NaH (48 mg, 60% suspension in mineral oil, 1.2 mmol) was
then added in small portions, and the mixture was stirred for 3
h. The reaction was carefully quenched by addition of a sat. aq NH4Cl
solution (10 mL). The aqueous layer was extracted with EtOAc (3 × 10
mL), the organic layers were combined, dried over MgSO4,
and evaporated. The residue was then chromatographed on silica gel
and provided the desired
α-alkoxy-γ-lactams 9a-j.
Physical Data for 9j
This product
was isolated as colorless oil; yield 96% (EtOAc-cyclohexane,
30:70). IR (KBr): 3419, 1965 cm-¹. ¹H
NMR (300 MHz, CDCl3): δ = 1.15 (t, J = 7.0 Hz,
3 H), 1.22-1.23 (m, 6 H), 2.61 (d, J = 17.7
Hz, 1 H), 2.82 (m, 2 H), 3.19-3.29 (m, 1 H), 3.42 (d, J = 17.7 Hz,
1 H), 3.64 (q, J = 7.0
Hz, 2 H), 3.75-3.81 (m, 1 H), 3.84 (s, 3 H), 3.86 (s, 3
H), 4.10-4.32 (m, 4 H), 5.42 (s, 1 H), 6.73-6.81
(m, 3 H) ppm. ¹³C NMR (75 MHz, CDCl3): δ = 14.1,
14.2, 15.5, 33.8, 36.5, 42.8, 56.0, 56.1, 59.9, 62.4, 62.5, 67.3,
91.7, 111.5, 112.2, 120.7, 131.5, 147.9, 149.2, 166.7, 169.3, 171.4
ppm.
Full crystallographic data have been
deposited at the Cambridge Crystallographic Data Centre; CCDC reference number
777319 for product 9h. Copies of the data
can be obtained free of charge at the following address:
http://www.ccdc.cam.ac.uk.
Optimized Procedure
for the Preparation of Compounds 9a-i
Starting
from ethoxymethylene malononitrile (1d,
270 mg, 2.2 mmol) and N-alkyl-α-bromoacetamide
(8c, 1 mmol) were dissolved in freshly
distilled MeCN (10 mL).

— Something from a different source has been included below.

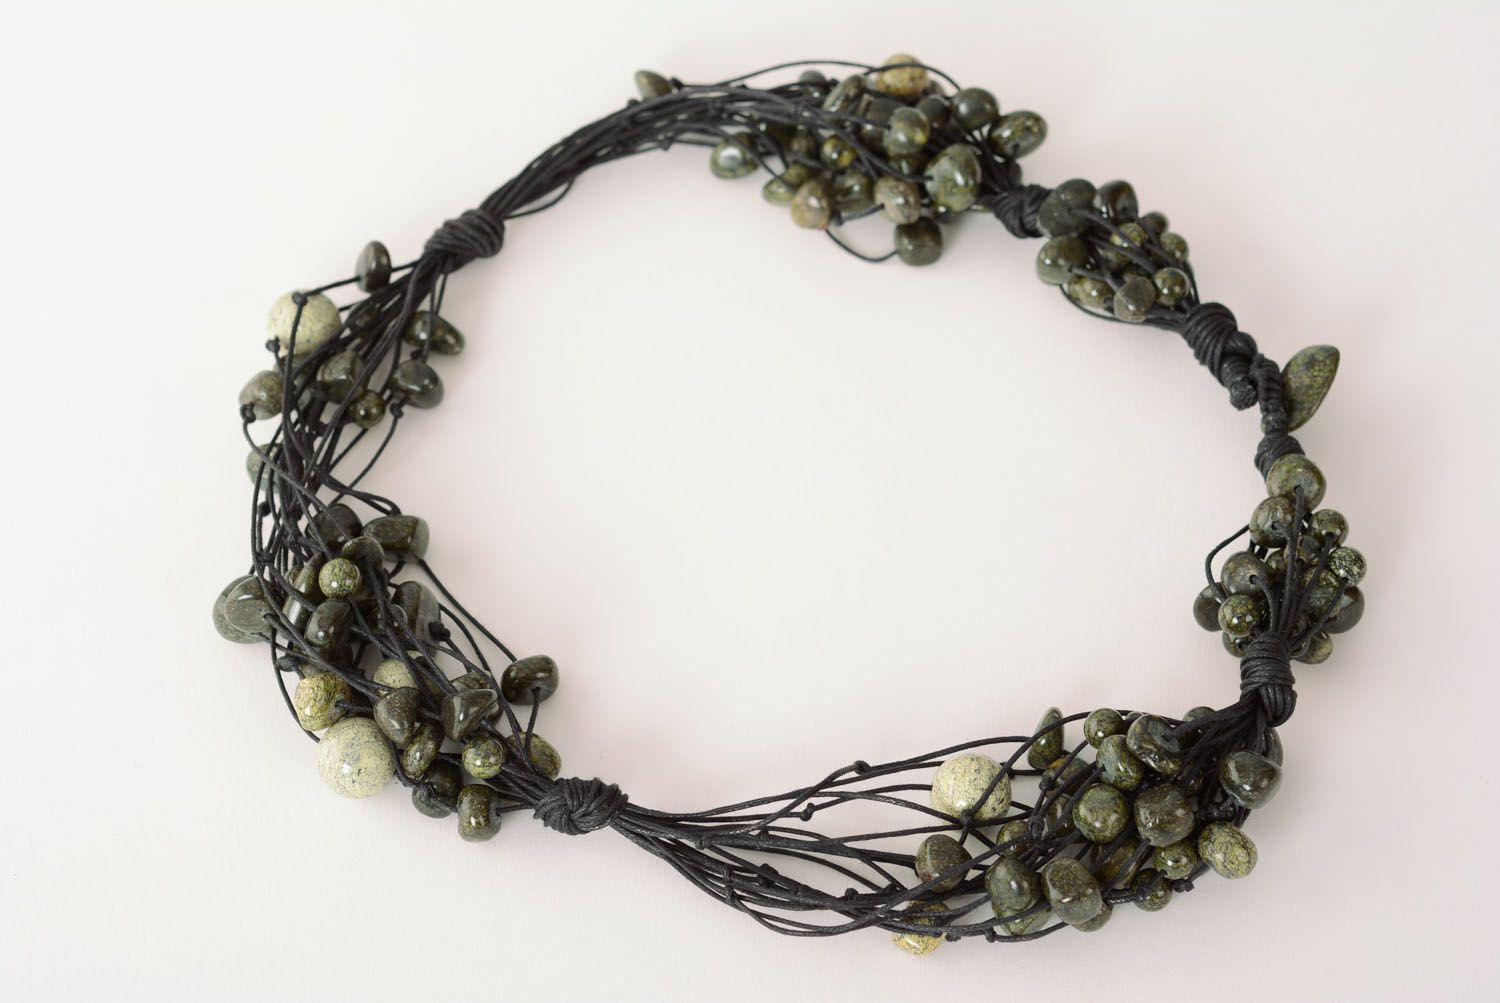 Necklace made of serpentine stone photo 3

K2CO3 (166 mg, 1.2
mmol) was then added, and the mixture was stirred for 2 h under
reflux. The reaction was filtered through a small pad of Celite
545 using CH2Cl2, and the organic layer was
evaporated. The residue was then purified by chroma-
tography
on silica gel column and provided the desired α-alkoxy-γ-lactam.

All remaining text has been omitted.